SNR calculation with IMRPhenomHM - JAMSADIQ/LISAPopulationAnalysis GitHub Wiki
I used posterior samples for each events for all parameters, intrinsic (M, q, z, Xi1, Xi2), extrinsic(No MonteCarlo) and use script to compute the optimal SNR using lisabeta. The waveform model is IMRPhenomHM
Large mass ratio and high redshift posteriors
There are some events which have posterior samples with large mass ratio (q > 100) and redshift (z > 30) and for which SNR values are very small. These events are following.
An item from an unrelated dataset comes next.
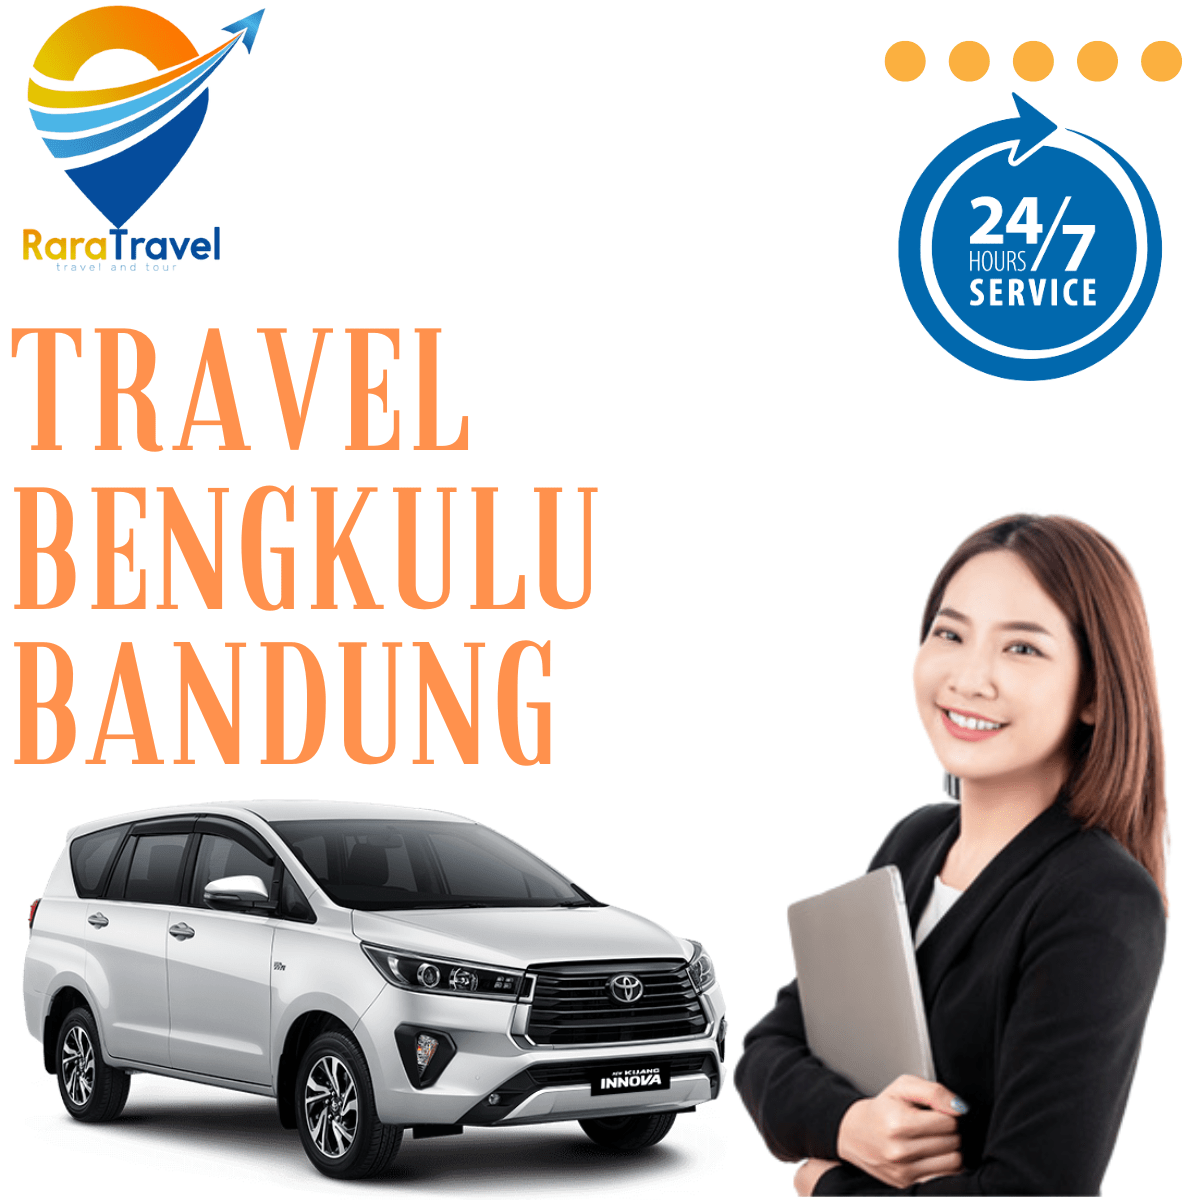 Travel Bengkulu Bandung Hiace Murah - RARATRAVEL.ID

- catalog_1_yrs.txt.92.87.h5
- catalog_1_yrs.txt.92.195.h5
- catalog_1_yrs.txt.92.332.h5
- catalog_1_yrs.txt.92.377.h5
The plots for SNR as function of mass ratio and redshift are here
Posteriors with nan SNR
There are few samples in events below where SNR output was nan. I add the index of that parameter from .h5 file. I notices that if I change "timetomerger_max" in my waveform_params_mbhb dictionary (from default value 4 to value 1), these parameters give reasonable SNR value but than some other parameter values give nan and I did not understand that part.
- catalog_1_yrs.txt.92.203.h5 , index 6600
- catalog_1_yrs.txt.92.15.h5 , index 27132
- catalog_1_yrs.txt.92.172.h5 , index 6657
- catalog_1_yrs.txt.92.119.h5 , index 11695
The one common features in SNRs on samples for these files is that there are few SNR values which are too high compared to the most other samples and one event plot is here to check it.